Diskussionsabend der CDU-Steinbach zum Salafismus wird zur Ahmadiyya-Werbe-Roadshow

Ismail Tipi, CDU-Abgeordneter im Hessischen Landtag und neben Hans-Jürgen Irmer einer der wenigen innerhalb der hessischen CDU, die sich noch wagen, neben klaren Botschaften jenseits der „Politischen Korrektheit“ auch in Zeitungen wie der Jungen Freiheit hin und wieder einen Kommentar schreiben fand auch an diesem Abend deutliche Worte, kam des Pudels Kern am Ende aber auch nicht näher.

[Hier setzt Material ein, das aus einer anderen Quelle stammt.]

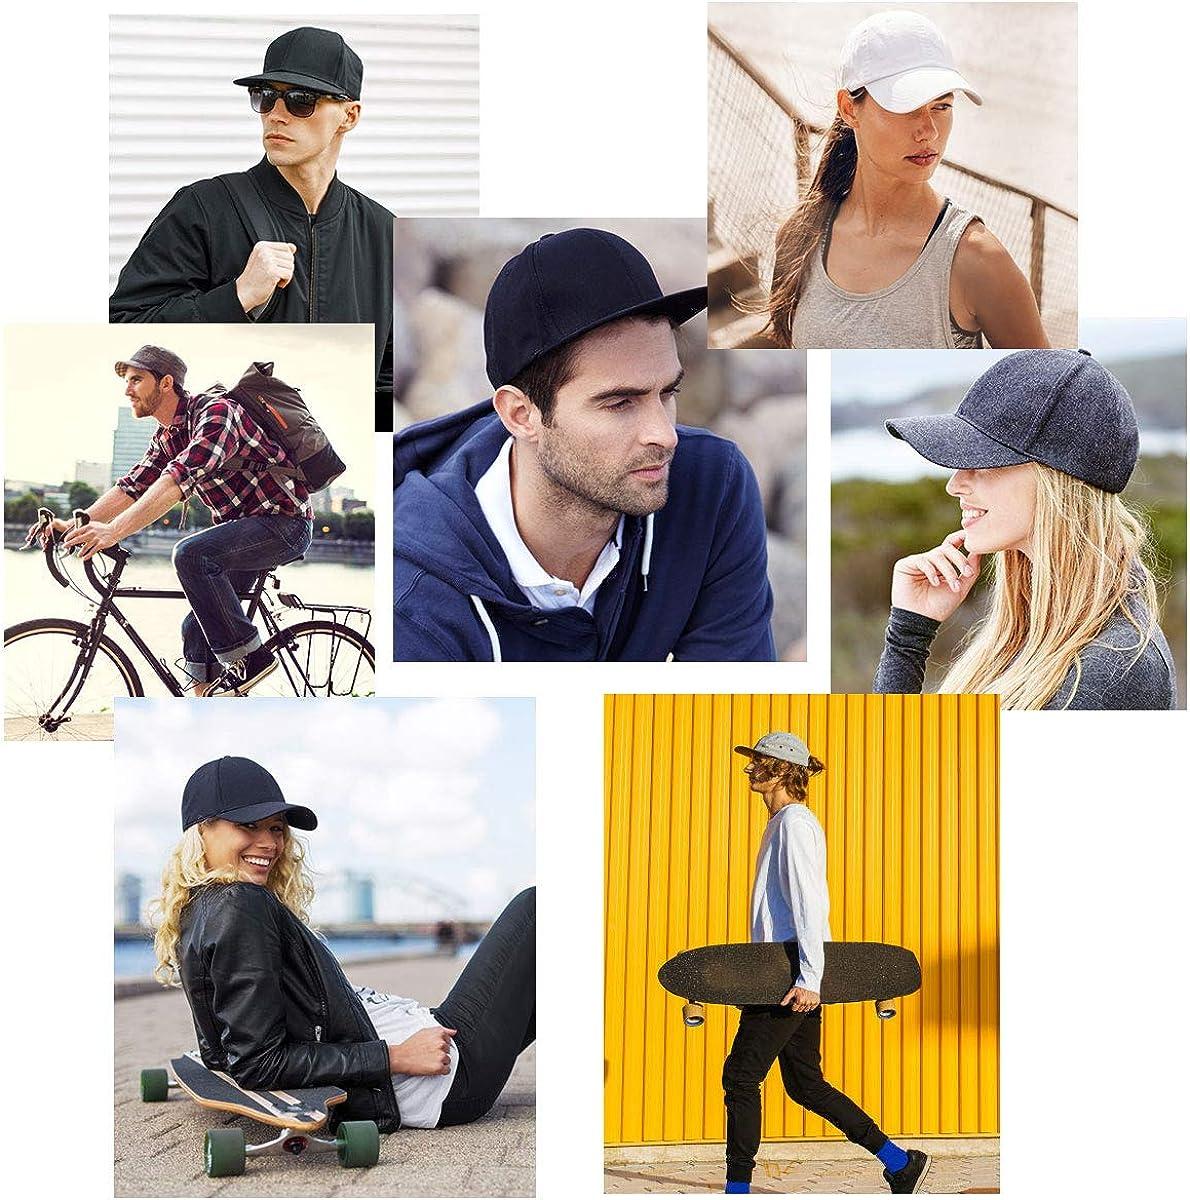 Sun Messy High Bun Cap Adjustable Pony Caps Mesh Cap Classic Plain Hat Black+White Ponytail Baseball Cap Sports Casual Trucker Hats Cap for Mens Women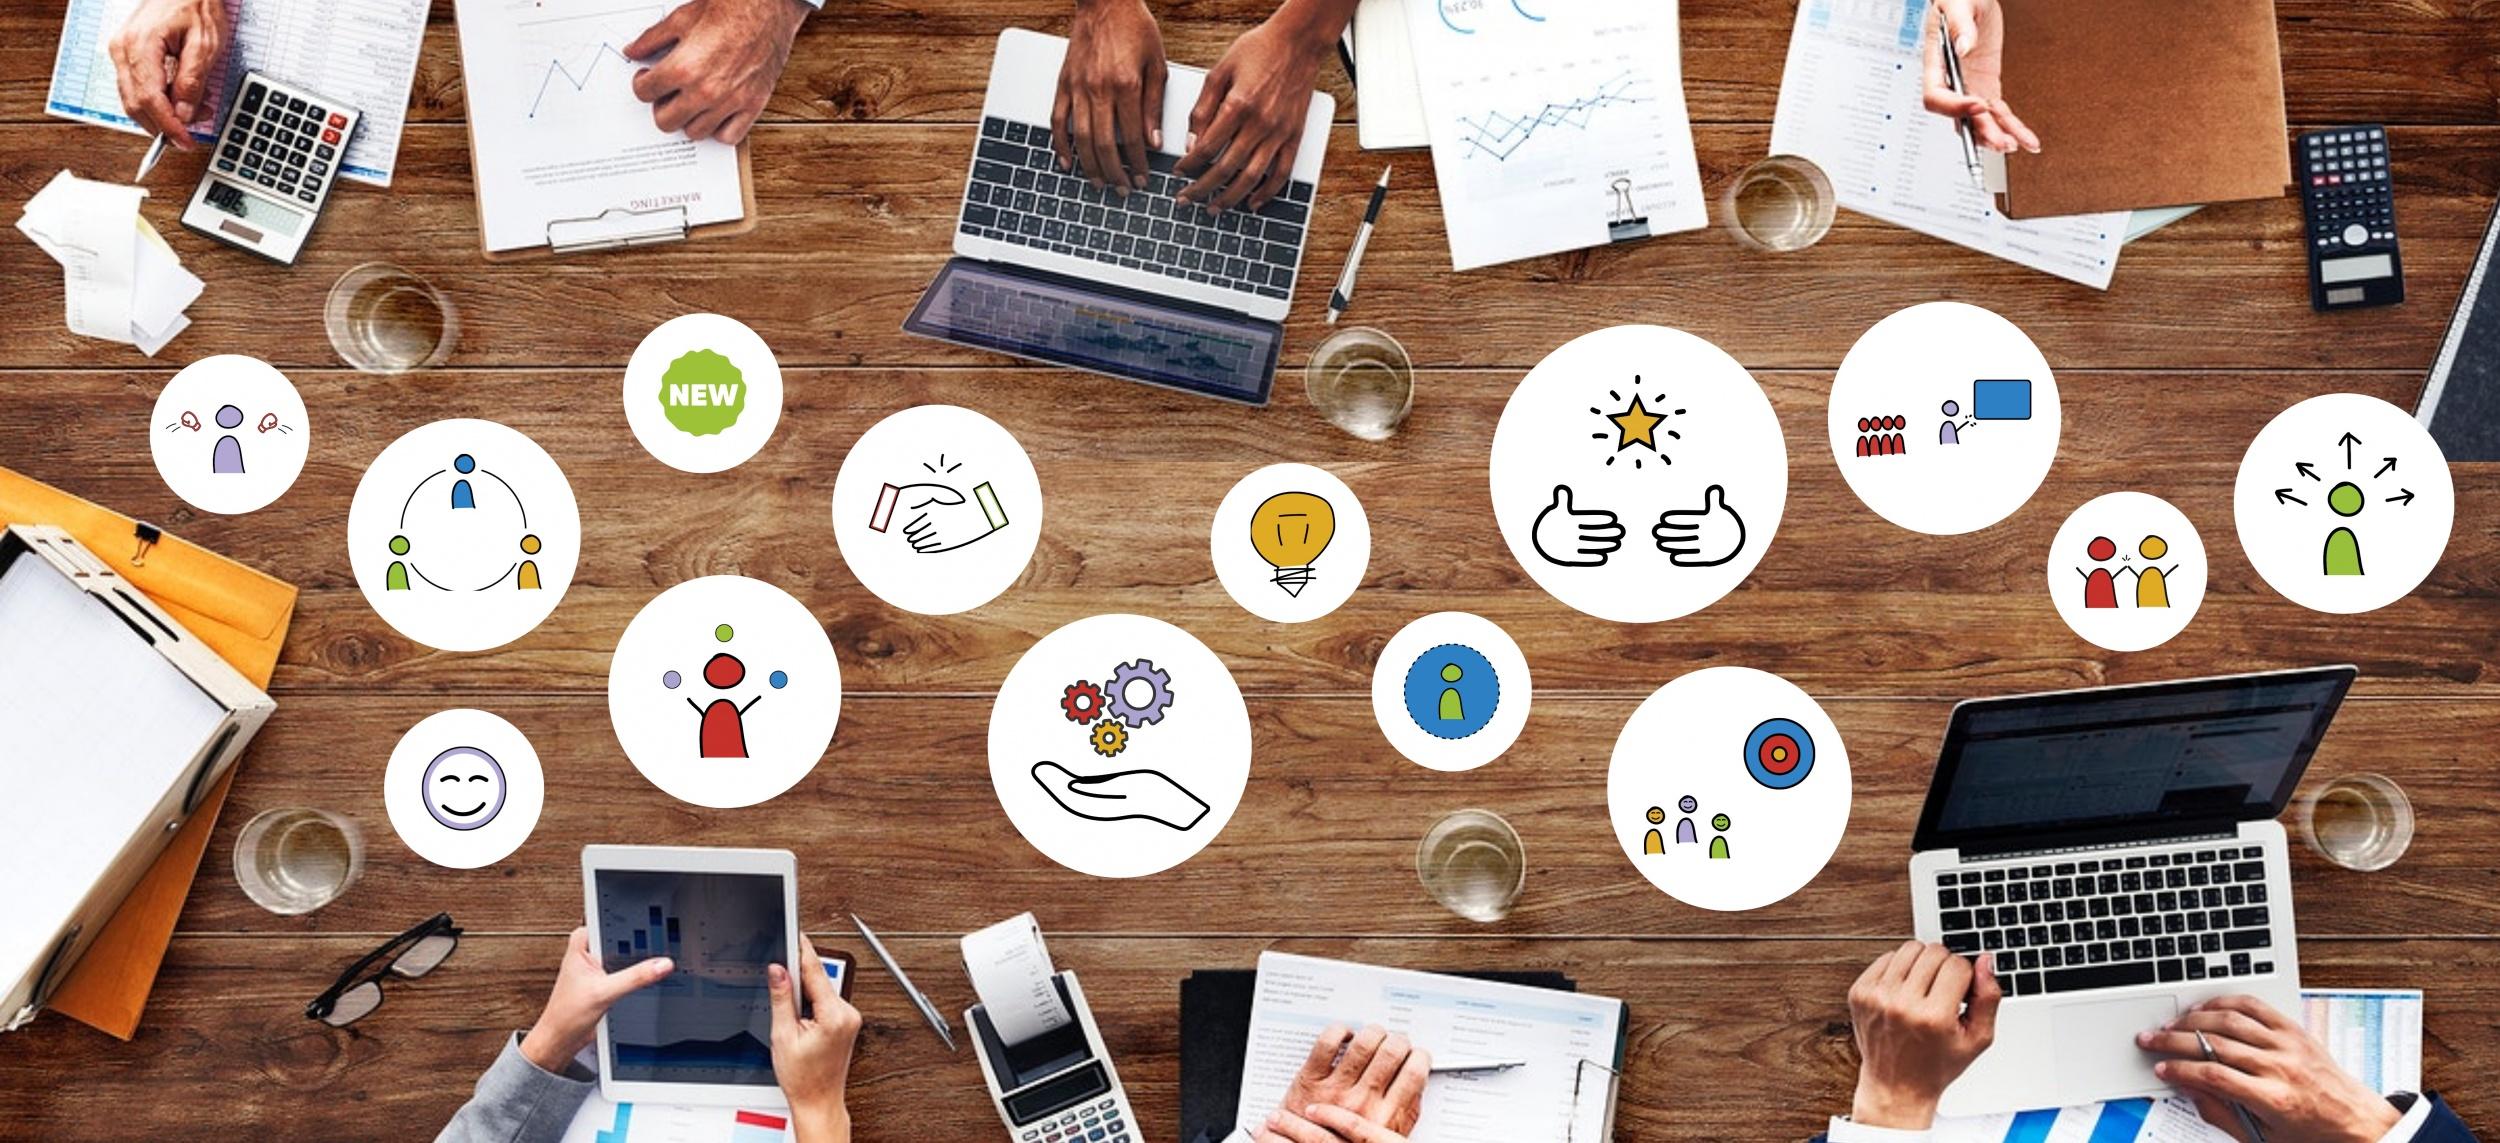 mikro teklif yönetimi yaratc drama sertifikas alanlar

Die CDU-Steinbach dachte sich, wenn schon täglich über den Islam und seine vielfältigen „Bereicherungen“ für unser Land berichtet wird und die Menschen sich aufgezwungener Maßen den neuen kulturellen Realitäten stellen müssen, dann soll an diesem Abend auch einmal die andere, nämlich die dunkle Seite benannt werden, nämlich der „Salafismus“.

Die Veranstaltung am 15.11.2016 im „Rittersaal“ des Bistro-Restaurants Ilé de Re in Steinbach war bis auf den letzten Platz besetzt und Ismail Tipi, der als Redner an diesem Abend seine Ehre gab machte keine langen Anstalten um den heißen Brei herum zu reden.

So gibt es laut Tipi in Deutschland ca. 300.000 radikale Moslems. Diese Zahl erschreckte die Zuhörer sehr, doch kommt sie, wenn man sich die „Facebook-Likes“ von z.B. den „Stars“ der Salafismus-Szene anschaut, z.B. von Pierre Vogel wohl der Realität sehr nahe.

Also nichts mit den „nur“ einigen Tausend Radikalen, die uns die Regierung immer einredet bzw. den „nur“ 1.200 Radikalen, die den Weg nach Syrien zu ISIS angetreten haben. Die Sicherheitslage in Deutschland wäre mit dieser Zahl an radikalen Moslems schon jetzt als nicht mehr existent zu bezeichnen.

Weiter kritisierte Tipi die „Integrationsbeauftragte“ der Bundesregierung Özoguz scharf, da sie sich gegen ein komplettes Verbot der Kinderehe sowie kritisch zur am gleichen Tag stattgefundenen Razzia gegen den Verein DWR (Die wahre Religion) äußerte, die regelmäßig u.a. ihre „Lies“-Korane in Fußgängerzonen verteilte sowie zum Dschihad aufriefen. Weiter empfindet Tipi es als absolutes Unding, dass in deutschen Gerichten jährlich bis zu 1.500 Urteile gefällt werden, die entweder im Urteil oder in der Sache einen direkten Bezug zur Scharia, dem islamischen Recht, aufweisen. Meist geht es hier um familienrechtliche Angelegenheiten.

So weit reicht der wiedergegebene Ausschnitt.